Common use of Third Party Proceedings Clause in Contracts

Third Party Proceedings. The Company shall indemnify Director and any partnership, corporation, trust, or other entity of which Director is or was a partner, stockholder, trustee, director, officer, employee, or agent (Director and each such partnership, corporation, trust, or other entity being referred to as an "Indemnitee") if Indemnitee is or was a party or is threatened to be made a party to any threatened, pending, or completed action, suit or proceeding, whether civil, criminal, administrative, or investigative (other than an action by or in the right of the Company) by reason of the fact that Director is or was a director, officer, employee, or agent of the Company, or any subsidiary of the Company, by reason of any action or inaction on the part of Director while an officer or director or by reason of the fact that Director is or was serving at the request of the Company as a director, officer, employee, or agent of another corporation, partnership, joint venture, trust, or other enterprise, against expenses (including attorneys' fees), judgments, fines, and amounts paid in settlement (if such settlement is approved in advance by the Company, which approval shall not be unreasonably withheld) actually and reasonably incurred by Indemnitee in connection with such action, suit, or proceeding, if Director acted in good faith and in a manner Director reasonably believed to be in or not opposed to the best interests of the Company, and, with respect to any criminal action or proceeding, had no reasonable cause to believe Director's conduct was unlawful.
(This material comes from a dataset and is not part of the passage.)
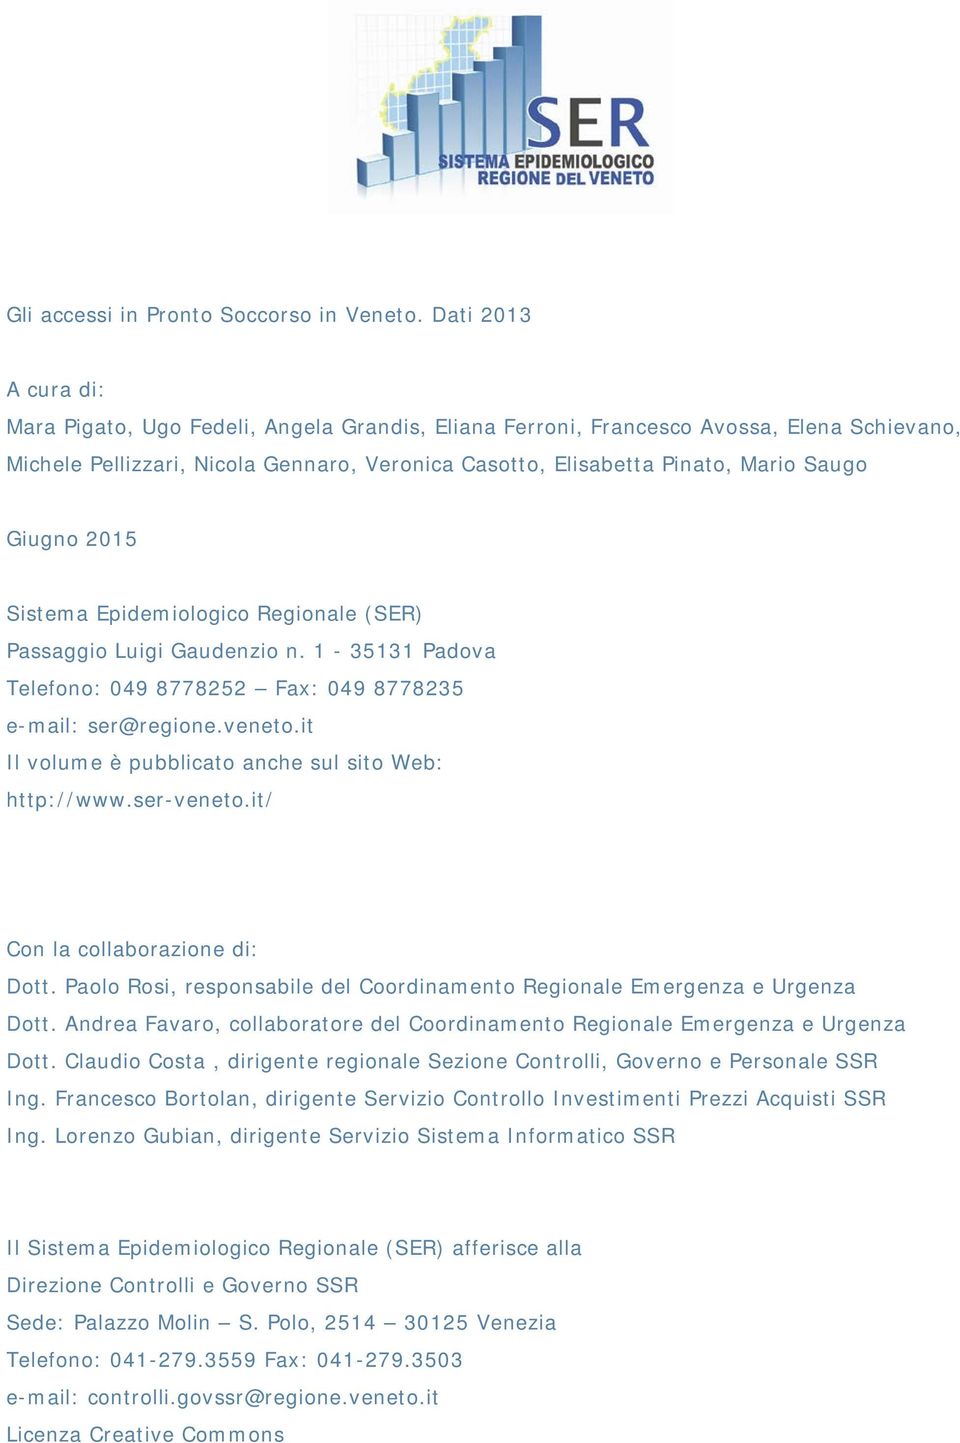 Giugno 2015 (SER) Passaggio Luigi Gaudenzio n. 1-35131 Padova Telefono: 049 8778252 Fax: 049 8778235 e-mail: ser@regione.veneto.it Il volume è pubblicato anche sul sito Web: http://www.ser-veneto.

The termination of any action, suit, or proceeding by judgment, order, settlement, conviction, or upon a plea of nolo contendere or its equivalent, shall not, of itself, create a presumption that Director did not act in good faith and in a manner that Director reasonably believed to be in or not opposed to the best interests of the Company, and, with respect to any criminal action or proceeding, had reasonable cause to believe that Director's conduct was unlawful.

Appears in 8 contracts

Samples: Indemnification Agreement (Cyberonics Inc), Indemnification Agreement (Cyberonics Inc), Indemnification Agreement (Cyberonics Inc)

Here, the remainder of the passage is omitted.